You can interpret this graph as depicting the change in employment relative to the underlying population of each cohort.
In terms of the recent dynamics:
1. The male ratio fell 2.6 points over the month.
2. The female ratio fell by 1.0 points.
3. The overall teenage employment-population ratio fell by 1.8 points over the month.
Conclusion
My standard monthly warning: we always have to be careful interpreting month to month movements given the way the Labour Force Survey is constructed and implemented.
My overall assessment is:
1. After two months of decline (some of which was related to abnormalities during the holiday period), the February result is much stronger.
2. All the things one looks for improved – employment rose by 64,600 (0.5 per cent) with a bias towards full-time work; unemployment fell 16,500 to 507,500 persons and the official unemployment rate fell by 0.3 points to 3.5 per cent; and the participation rate rose 0.1 point.
3. Some caution needs to be observed though – the underlying (‘What-if’) unemployment rate is closer to 5.1 per cent rather than the official rate of 3.5 per cent, which indicates the labour market still has slack.
4. There are still 1,343.2 thousand Australian workers without work in one way or another (officially unemployed or underemployed).
5. The problem is that the RBA, which is intent on increasing unemployment in the misguided belief that the inflationary pressures are coming from the labour market, will hike further and eventually kill off employment growth.
That is enough for today!
(c) Copyright 2023 William Mitchell.
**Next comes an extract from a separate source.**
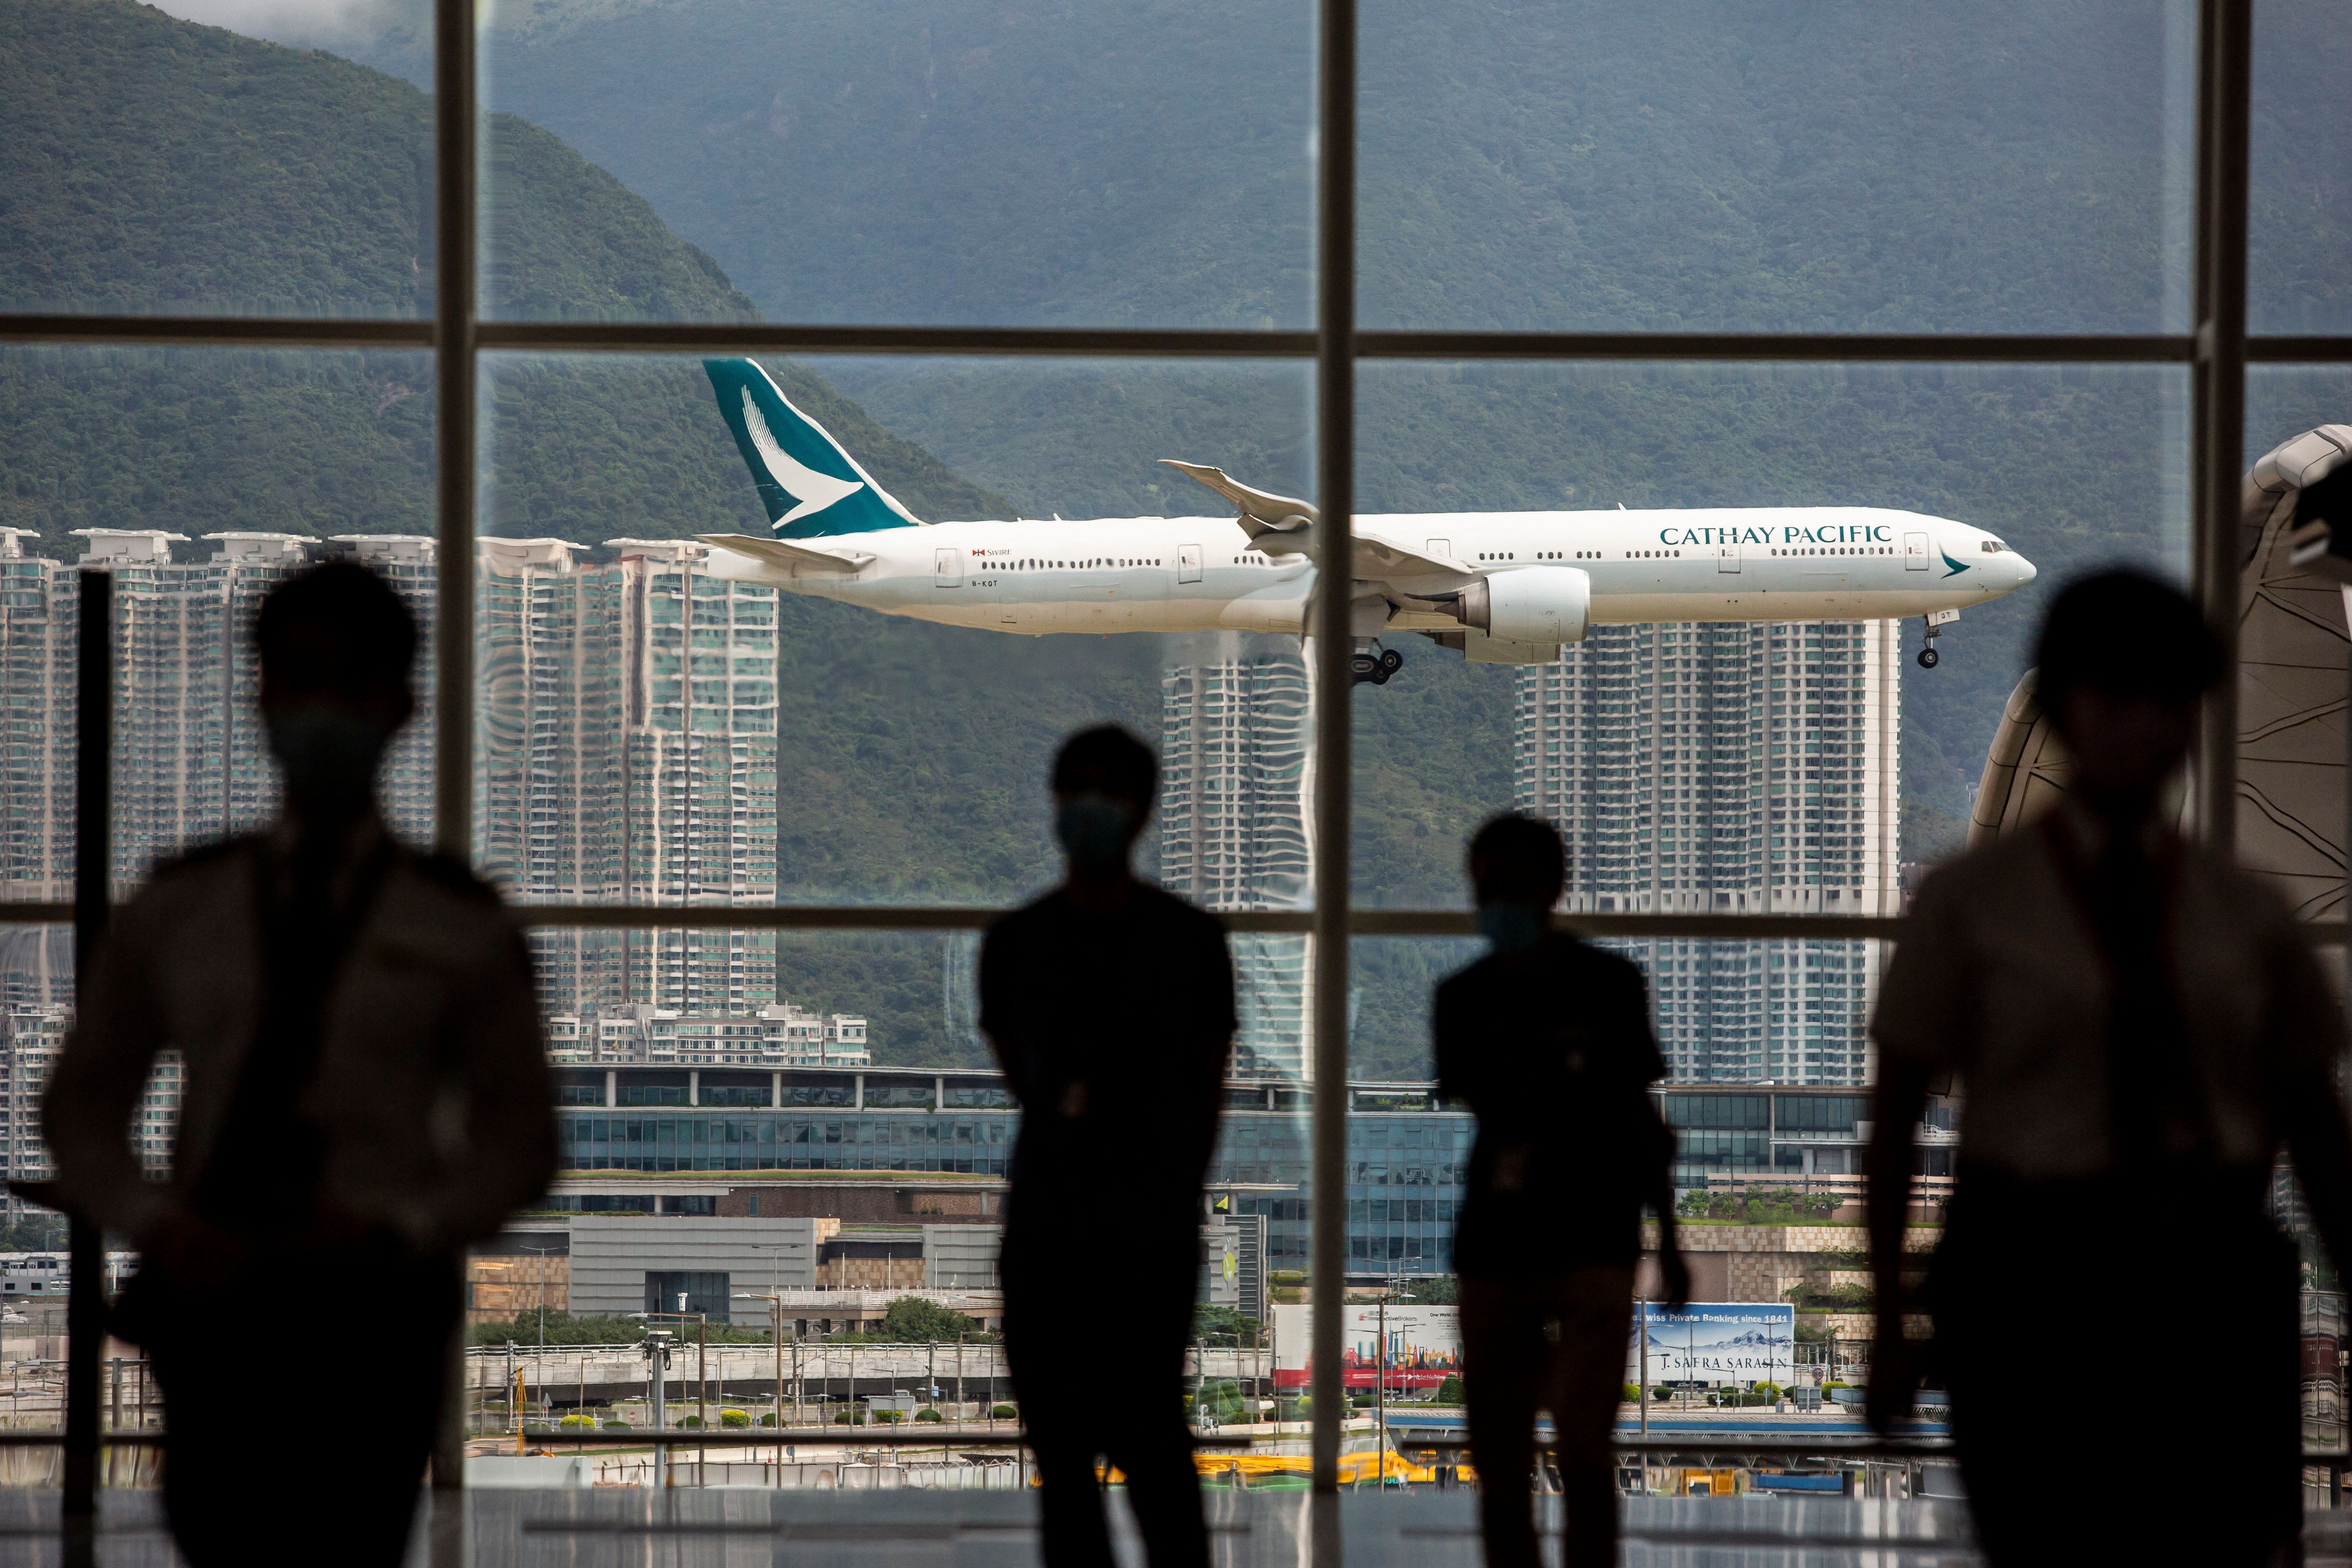 A Cathay Pacific aircraft comes in to land at Hong Kong International Airport on August 11, 2021.

All Rights Reserved.
I’m sorry that what follows got nothing to do with today’s post, but maybe more with yesterday’s.
It’s a filthy scandal that the ECB is so willing to save Credit Suisse from bankrupcy – a private bank of a country alien to the euro and the EU – and at the same time demanding austerity to 127 million people (the combined population of Portugal, Spain, Italy and Greece), after 15 years demanding the same, to the same people.
This ciminals have only one way to go: jail!
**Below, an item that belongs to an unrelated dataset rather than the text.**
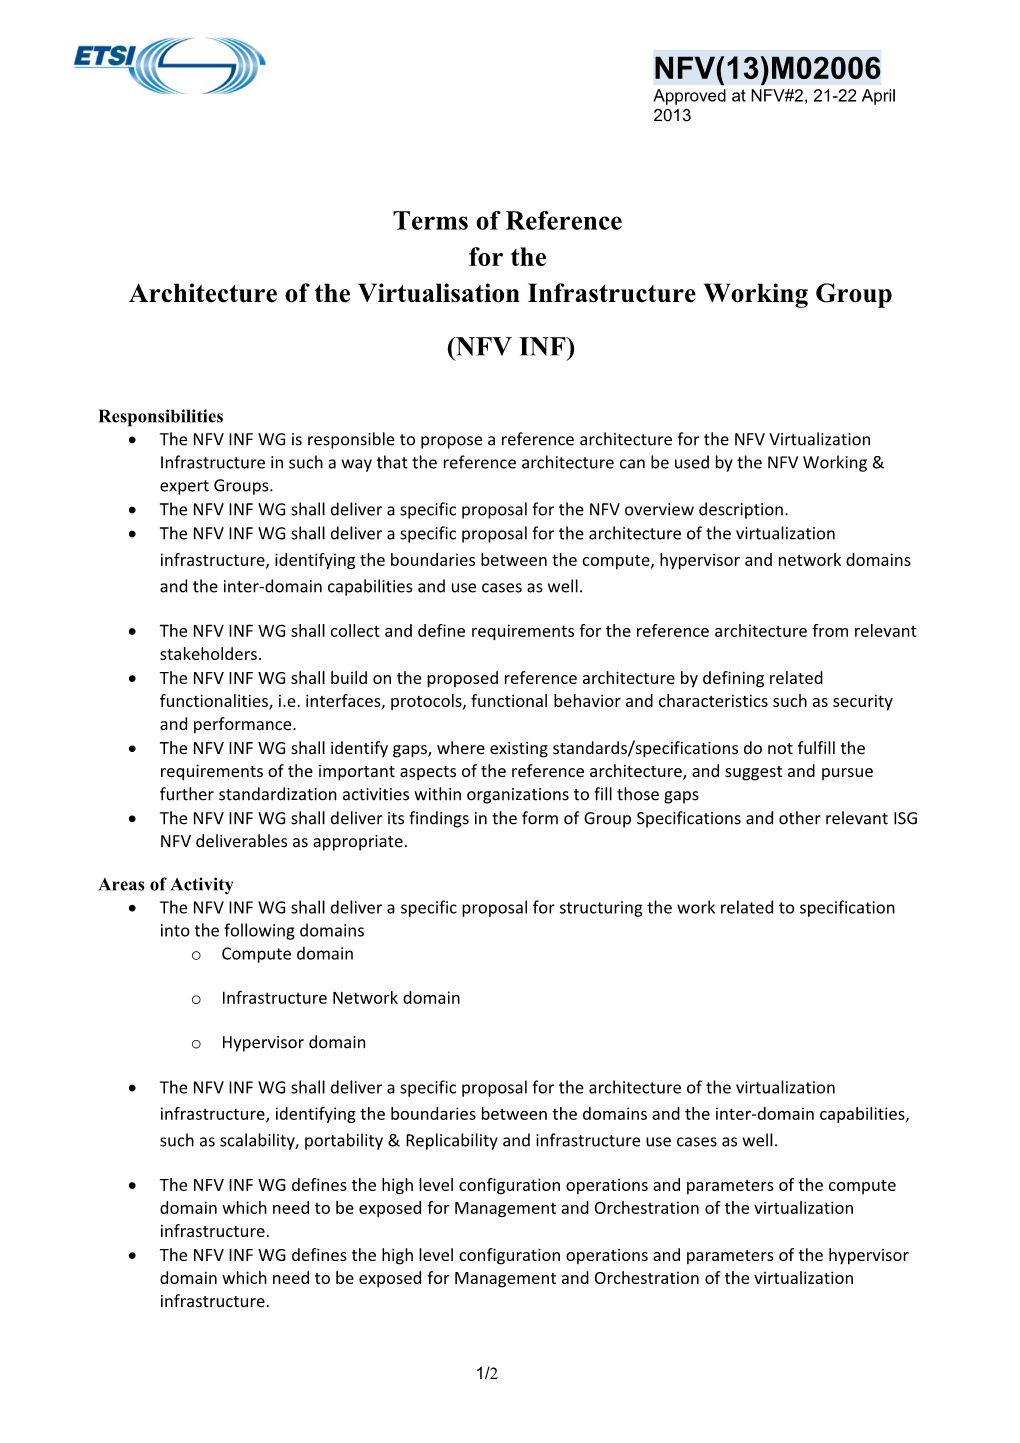 Terms of Reference for the Architecture of the Virtualisation Infrastructure Working Group

@Paulo Rodrigues I may have missed the ECB involvement, but all the news I’m reading reports that the Swiss Central Bank has provided funds to Credit Suisse. I take your general point that it is scandalous that members of the parasitic big banks club can always rely on governments’ support while support for the general citizen is cut.
With regard to Australian employment, I wonder how much the improvement has been influenced by China getting back to more normal working (for the time being) after the covid explosion.
So which does the RBA see as the greater threat? Unemployment or bank collapses. Does it have a number of how many banks need to go under before it stops increasing rates.
Patrick B. The Suisse Central Bank did make a loan to credit suisse, but the ECB had pledged to save the bank the day before.